White Girl Problems. The main character is a bit into herself, but I still like it. She states everything you think in your mind, but too afraid to say a loud. Still reading it.

  	I also bought the Hunger Games book wanted to read it before I saw the movie. After I read that trilogy I'm going to start the girl in the dragon tattoo trilogy.


----------



## DILLIGAF (Mar 10, 2012)

kimbunney said:


> White Girl Problems. The main character is a bit into herself, but I still like it. She states everything you think in your mind, but too afraid to say a loud. Still reading it.
> 
> I also bought the Hunger Games book wanted to read it before I saw the movie. After I read that trilogy I'm going to start the girl in the dragon tattoo trilogy.


 
	Actually for a book that's directed at the tween market the Hunger Games are very good. I've read two out of three of the Girl with the Dragon Tattoo trilogy so far and while I found them entertaining that first book took a while to pick up in my opinion but it still turned out to be a good read. Can't wait to get to the last one.


----------



## lookinlovely (Mar 11, 2012)

I am reading We Need to Talk About Kevin.  So far so good.


----------



## aradhana (Mar 12, 2012)

DILLIGAF said:


> How are you with Fantasy? I happily recommend A Song of Ice and Fire. Its the book series that the HBO Series Game of Thrones is based on. I have them on my kindle good reads so far.



 	thanks! it's been a long time since i read a fantasy book, but i will check it out next time i'm at the book store! often i just stay away from genres i don't usually read because i don't know where to begin!!


----------



## aradhana (Mar 12, 2012)

lookinlovely said:


> I am reading We Need to Talk About Kevin.  So far so good.



 	i really enjoyed that book, though it was pretty heavy.  i have yet to see the film...


----------



## amoxirat (Mar 13, 2012)

aradhana said:


> thanks! it's been a long time since i read a fantasy book, but i will check it out next time i'm at the book store! often i just stay away from genres i don't usually read because i don't know where to begin!!

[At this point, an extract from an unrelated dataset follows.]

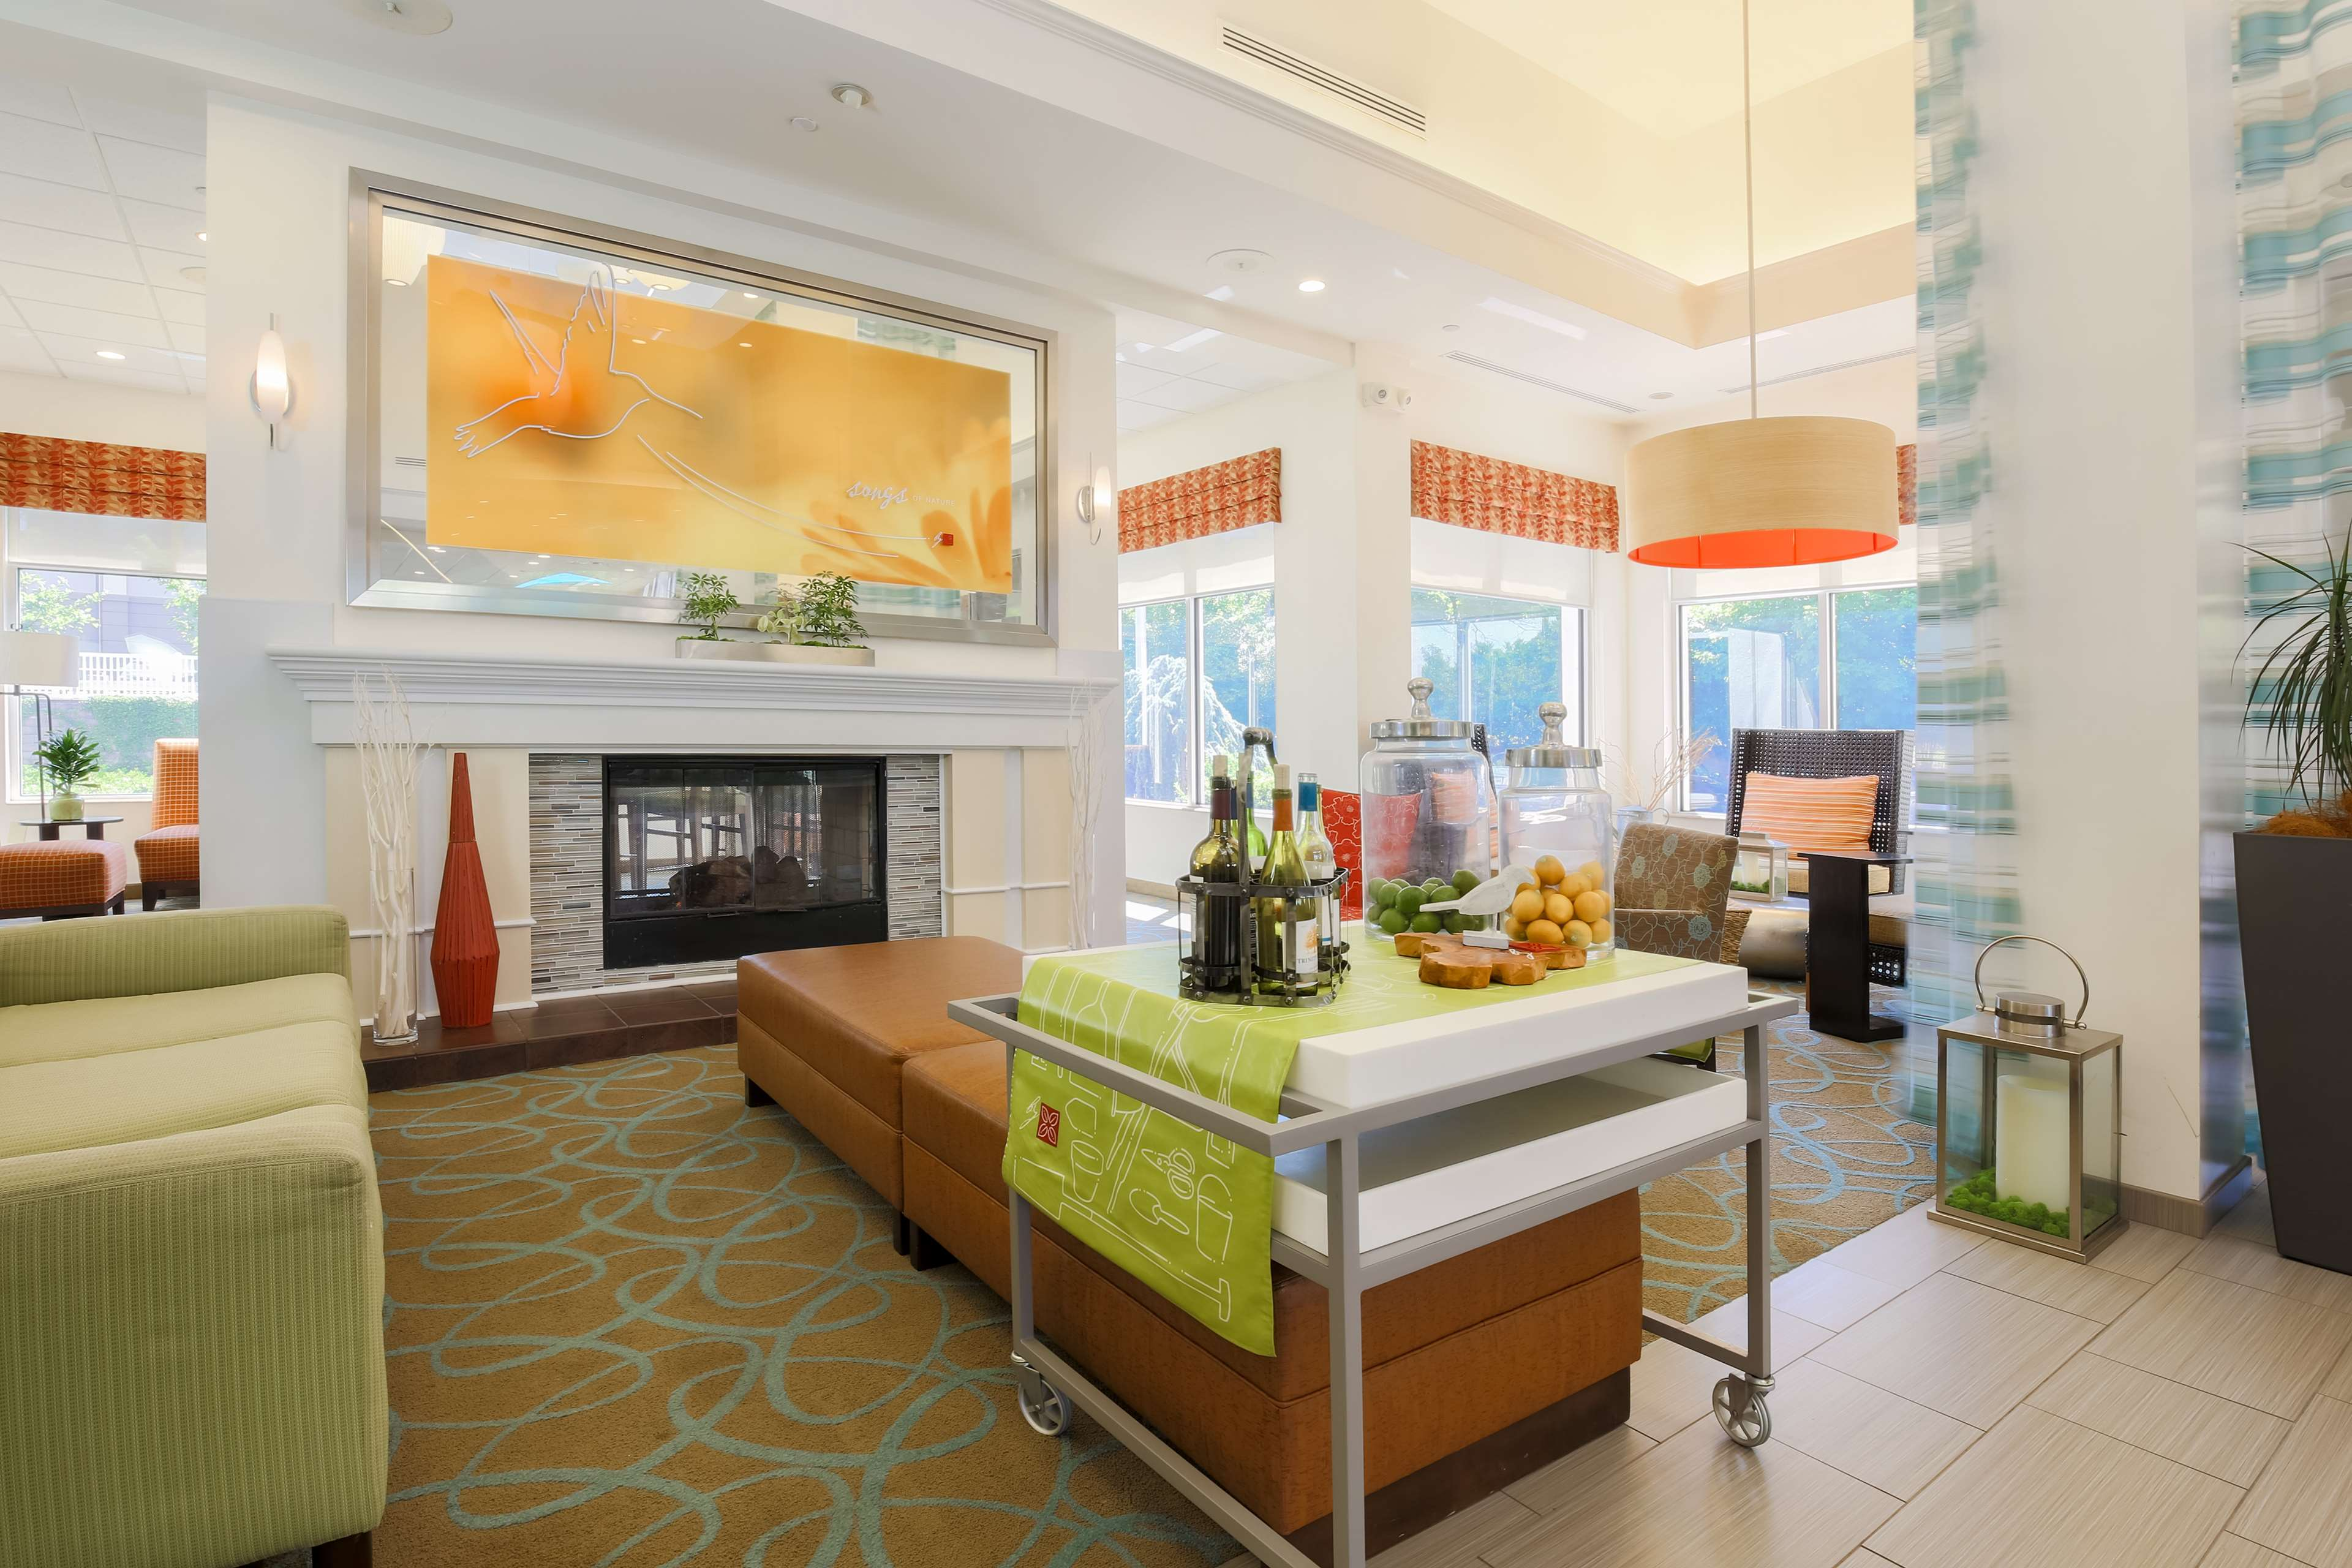 Hilton Garden Inn Nanuet image 5

 	I recommend the Song of Ice and Fire series too!
  	It's really interesting and well written.


----------



## lookinlovely (Mar 15, 2012)

I am a little over half way through and I am a bit nervous to continue....I'm not quite sure what to expect....


aradhana said:


> i really enjoyed that book, though it was pretty heavy.  i have yet to see the film...


----------



## EOTD-Fanny (May 10, 2012)

I´m reading "Female Chauvinist Pigs" for the second time. I highly recomend it! It´s a book that everyone should read at least once.


----------



## DILLIGAF (May 11, 2012)

Any other suggestions ladies and gents? I'm looking for new books to add to my kindle.


----------



## sayah (May 15, 2012)

Divergent was pretty good. I read it after the Hunger Games trilogy.


----------



## supasta (May 15, 2012)

Definetly Divergent by Veronica Roth and I Am Alive by Cameron Jace

  	loved them


----------



## LMD84 (May 20, 2012)

i'm reading that fifty shades of grey book.... naughty


----------



## Goat Goat Etc. (Sep 2, 2012)

Just finished 50 Shades of Grey and I have moved on to Fifty Shades Darker. I was mocking these books for peddling sex but of course your tune can sure change when you actually start reading. Although, I must say the number of times Ana orgasms in the span of 24 hours is impossible and she never seems to mention messing up the sheets with it or anything. So internal orgasms?  And they have sex so many times a day how isn't her vagina a sore and dry sponge?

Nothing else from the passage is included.